Some of you might have read Dan Ariely’s book, “Predictably Irrational,” which illustrates where and how we could go wrong with pricing. Because of our irrational decision making, the whole paradigm of pricing becomes a bit more complicated than what we think.

Dan his team did some simple experiments. He asked a set of respondents to pick up a cordless keyboard with a price similar to their social security number. Because of this anchoring bias, people in the top 20%percentile of the security numbers were willing to pay three times more than those who had their the social security numbers within the bottom 20percentile. He defined it as anchoring effect.

Discounted Chocolate: Sweet or Sour?

In the second experiment, he got two sets of panels. He asked the first set of people to pick up chocolates priced at 14 cents. After they picked up, he brought down the price to free and asked them to take the chocolates. In the second set, he asked the people to pick up chocolates priced at 15 cents. After they did that, he brought down the price to 1 cent. In this case also, the reduction was 14 cents, which was same as offered to the first set. But the first set of people was delighted than the second, because of the effect associated with the term ‘free.’

Drink and Solve with Energy

In the third experiment, he again selected two sets of people. He asked them to solve some problems. He gave an energy drink to the first set and said it would help in their problem solving ability. He told them that he bought it at the retail price stated on the drink.

He also gave the second set of people the same energy drink and told them that it would help in their problem solving ability. But he added that he had bought the drink at a discounted price. It was observed that the first set who received the energy drink, supposedly at the retail price could solve more problems than the second set who perceived the value of the drink lesser than that of the first group because of the ‘discount’ factor thrown in.

...a set of activities done by a particular brand may not be taken so well by customers but the same set of activities done by another brand could work well.

If we look at the three different examples given above, we can appreciate the impact of pricing on our perceptions. For many years, we thought that we were all homo economicus—a rational and selfish individual with relatively stable preferences, but this has been challenged (Thales & Sunstein, 2008). Our behaviour is subject to cognitive biases, emotions and social influences.

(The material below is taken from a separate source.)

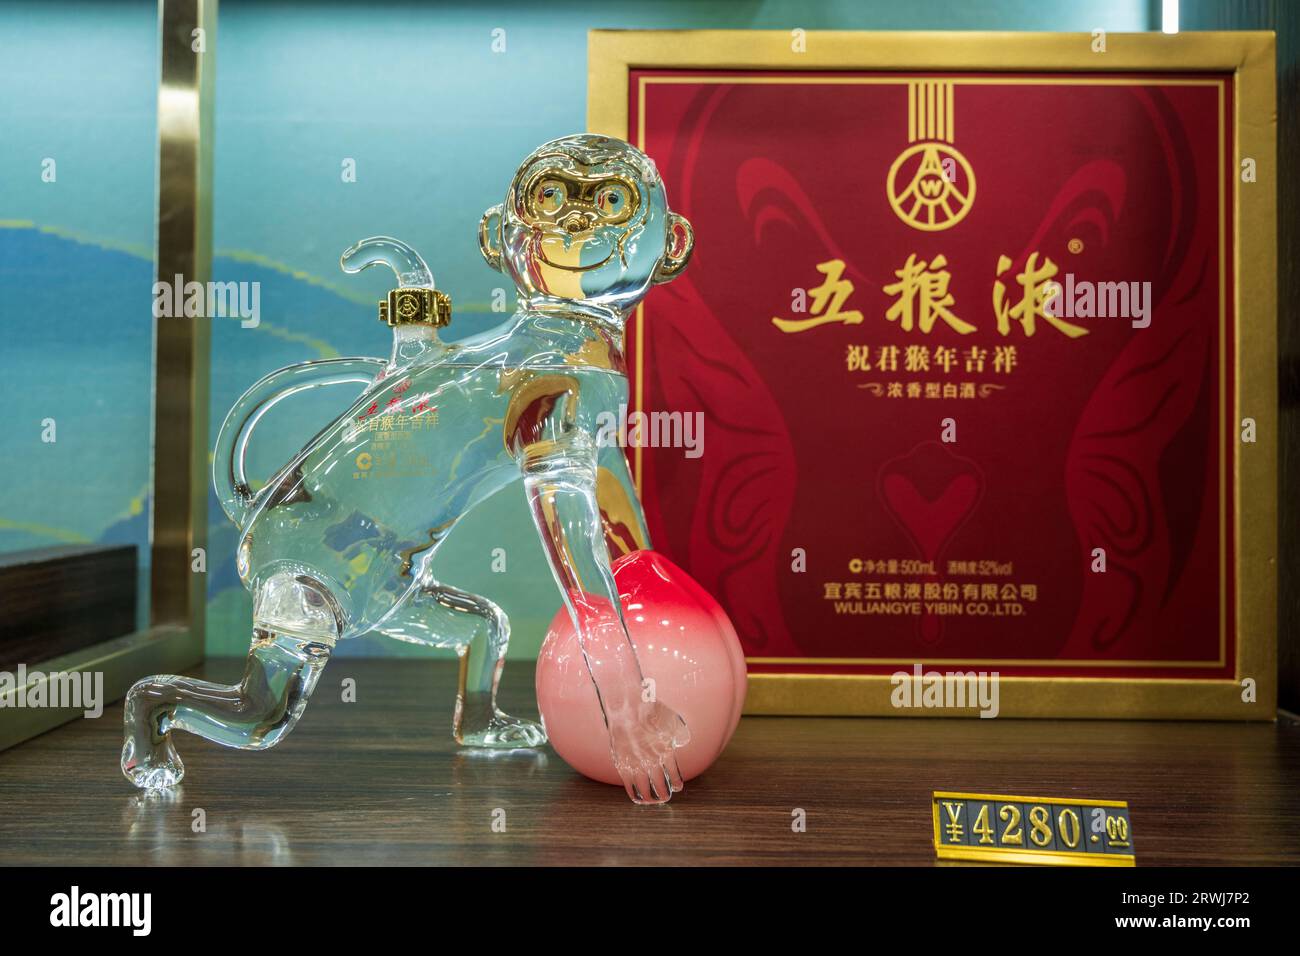 CHENGDU, CHINA - 9. SEPTEMBER 2023 - Eine Vielzahl von Wuliangye-Weinen wird im Wuliangye Cultural Experience Museum in Chengdu, Sichuan Provin, ausgestellt Stockfoto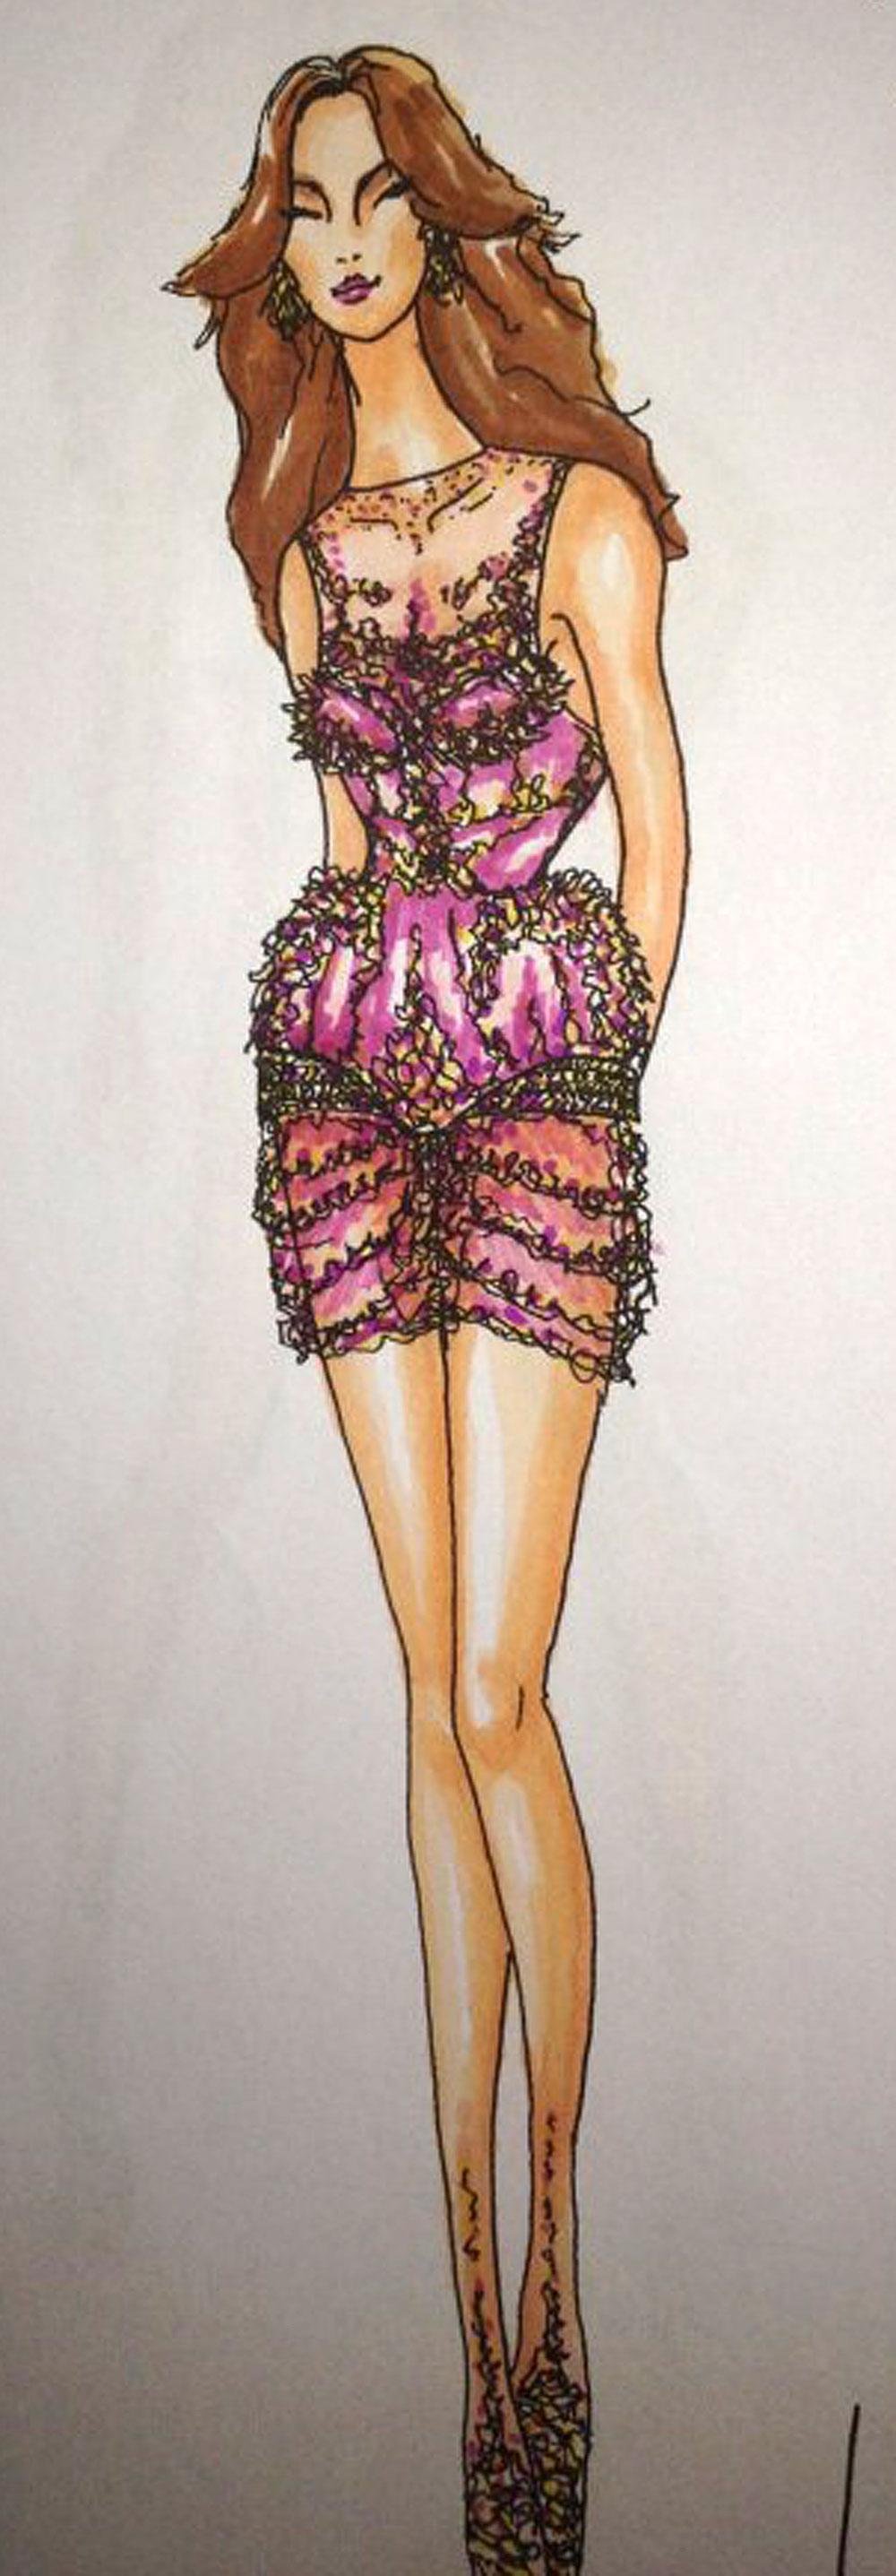 Perrelli kommer att vara klädd i en blingad klänning (bilden på skissen – hämtad från blogg.damernasvarld.se/charlotteperrelli).

That is why, a set of activities done by a particular brand may not be taken so well by customers but the same set of activities done by another brand could work well. Social influences, peer pressure and word of mouth have an impact across many industries. When we buy a particular product, we actually peg it to another product and see if it offers more value or less value. It is often a relative decision that we take.Consumer market research provides solutions in these areas.